An Introduction to Automated Palletizing: Understanding the Process and Getting Started

An Introduction to Automated Palletizing: Understanding the Process and Getting Started

Did you know that 80% of all goods are transported on a pallet at some point in their journey?

If you’re relying on manual labor to place your products on pallets, you’re not alone. However, the last decade has driven factories of all sizes in various industries, such as food and beverage, pharmaceuticals, and general manufacturing, to rethink workforce utilization and adopt palletizing robots.

Whether you’re facing labor shortages, high insurance costs due to workplace injuries, or the need to close efficiency and productivity gaps to ensure growth, automating your end-of-line processes is a crucial transformation project to prioritize.

This article provides an overview of the types of automated palletizers, how they operate, their impact on your business, and the steps to implement one.

What is an Automated Palletizer?

An automated palletizer is a robotic system designed to automatically arrange and stack products or packages onto pallets for shipping, storage, or distribution. It uses advanced technology to perform tasks traditionally done by manual labor, such as picking up items from a conveyor belt and placing them in specific patterns on a pallet. 

The 2 Types of Automated Palletizers

Automated palletizers can be categorized into 2 main categories: Traditional robots or Industrial robots and collaborative robots (cobots)

Traditional robots (industrial) excel in high-volume, repetitive tasks, handling heavy payloads at high speeds. They require significant investment, large footprints, safety fencing, and specialized staff for operation and maintenance.

Collaborative robots (cobots), on the other hand, prioritize flexibility and adaptability. They work safely alongside humans without extensive barriers and are easily reprogrammable for different tasks. Cobots are generally more affordable and space-efficient, making them suitable for smaller operations or limited floor spaces. However, they typically have lower payload capacities and operate at slower speeds than traditional robots.

The choice between traditional robots and cobots depends on specific operational needs. Factors to consider include production volume, task variety, available space, budget, and workforce skill level. 

Traditional robots suit large-scale, high-speed operations, while cobots offer versatility and accessibility for diverse or changing production environments. 
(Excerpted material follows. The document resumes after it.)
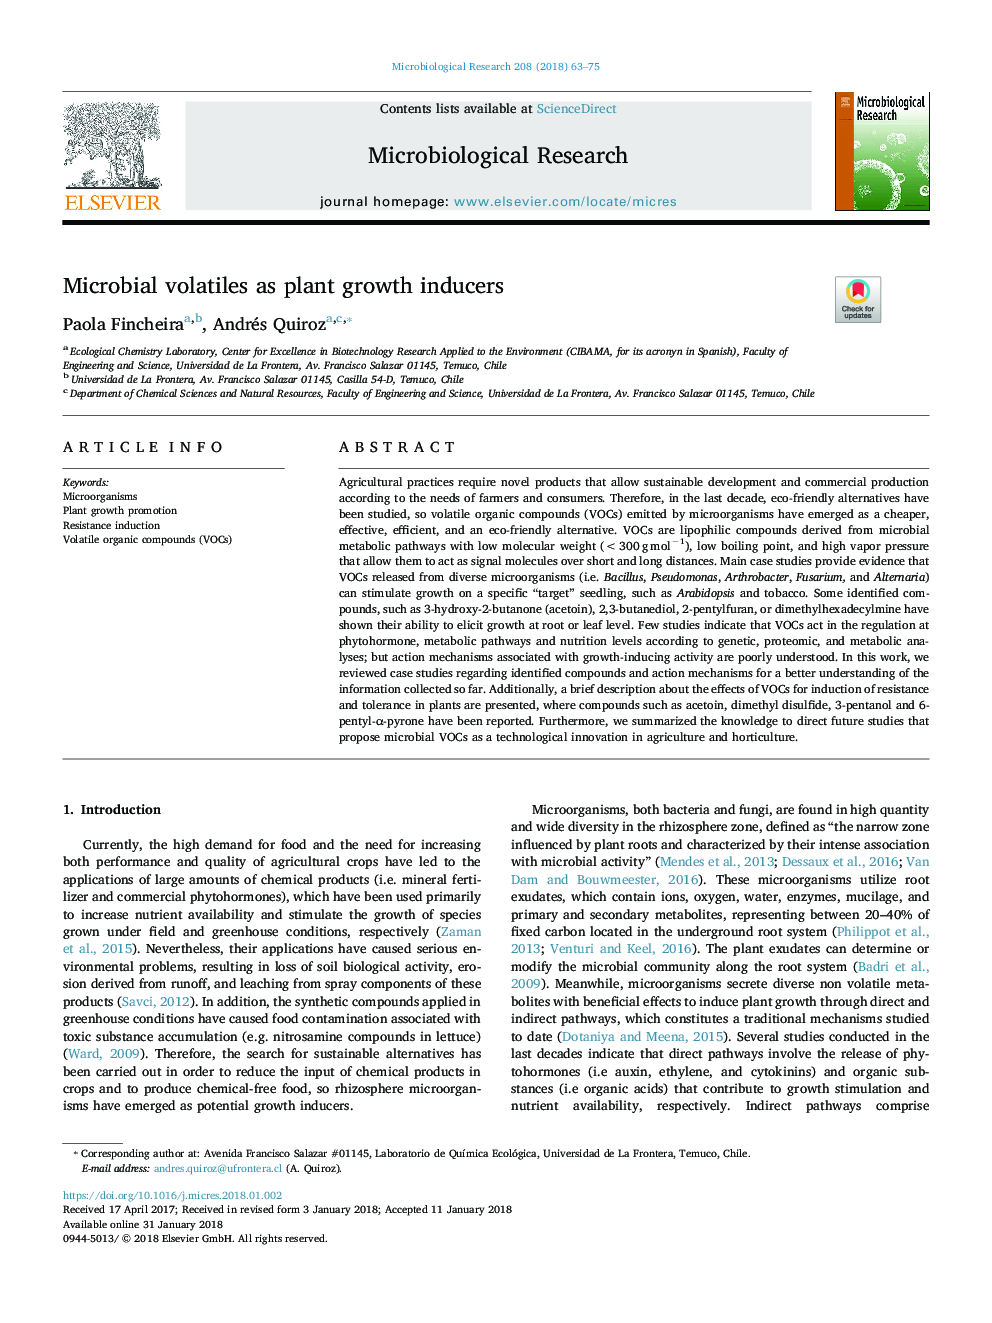 Microbial volatiles as plant growth inducers

Benefits of Automating Palletizing

Cut Labor Costs and Overcome Employee Scarcity

Manual palletizing incurs significant labor costs, including wages, benefits, overtime, and expenses related to hiring and training due to turnover. Factories also face higher maintenance and downtime costs from worker absences, vacations, and departures, leading to production delays. The recurring expenses of recruiting and training replacements add substantial overhead, particularly in high-turnover industries.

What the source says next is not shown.